Нет, не война погубила великую цивилизацию, а благодушие, успокоенность, самоуверенность богов, покоривших природу. А природа не смирилась с рабством и восстала, принеся себя в жертву.
Не так-то просто взорвать океан. Свидетельствую: марсиане это сделали. Взрыв оскальпировал Марс. Мы ступаем сейчас не по его почве, почвы не сохранилось. Под нашими ногами не марсианская кора, а изборожденная шрамами мантия - подкорковый слой.

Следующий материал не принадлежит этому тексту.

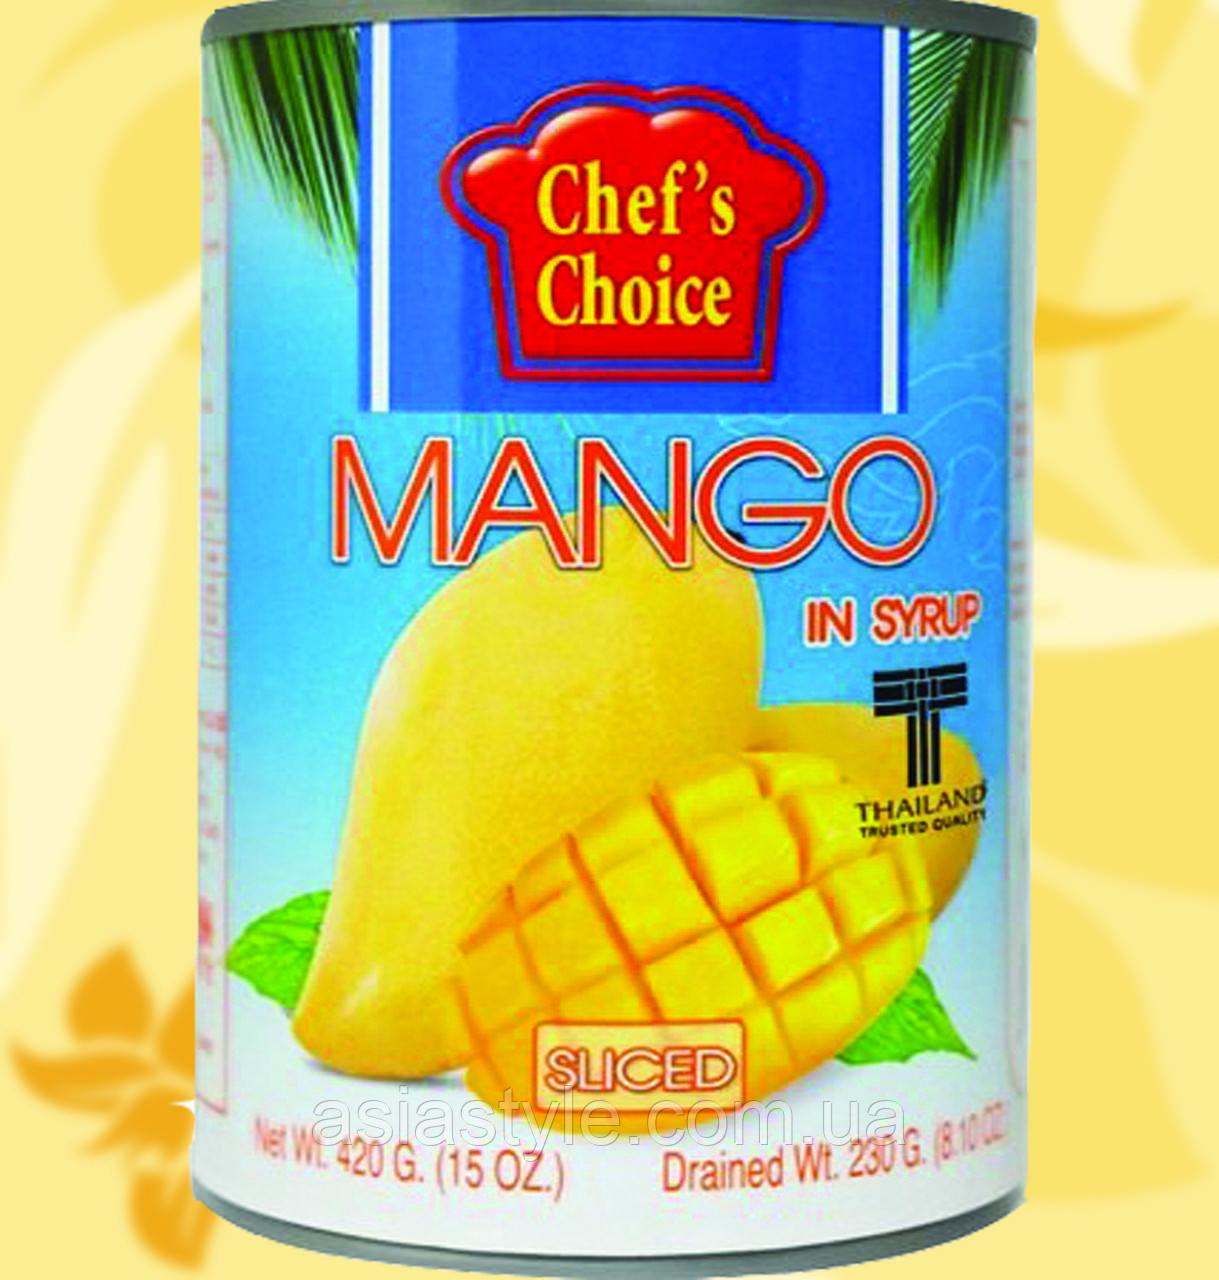 Тайський манго в сиропі, жовте, часточки, 420 гр, CHEF'S CHOICE, Gf

Вслед за взрывом, перебросившим планету с почти круговой орбиты на более отдаленную эллиптическую (в результате нарушилась установившаяся геометрия всей Солнечной системы), началась кратковременная, но необычайно бурная тектоническая деятельность, активизировались вулканические процессы. Об этом периоде напоминают многочисленные кратеры, а в Стране Пирры и других хаотических областях - сдвиговые формы и провалы.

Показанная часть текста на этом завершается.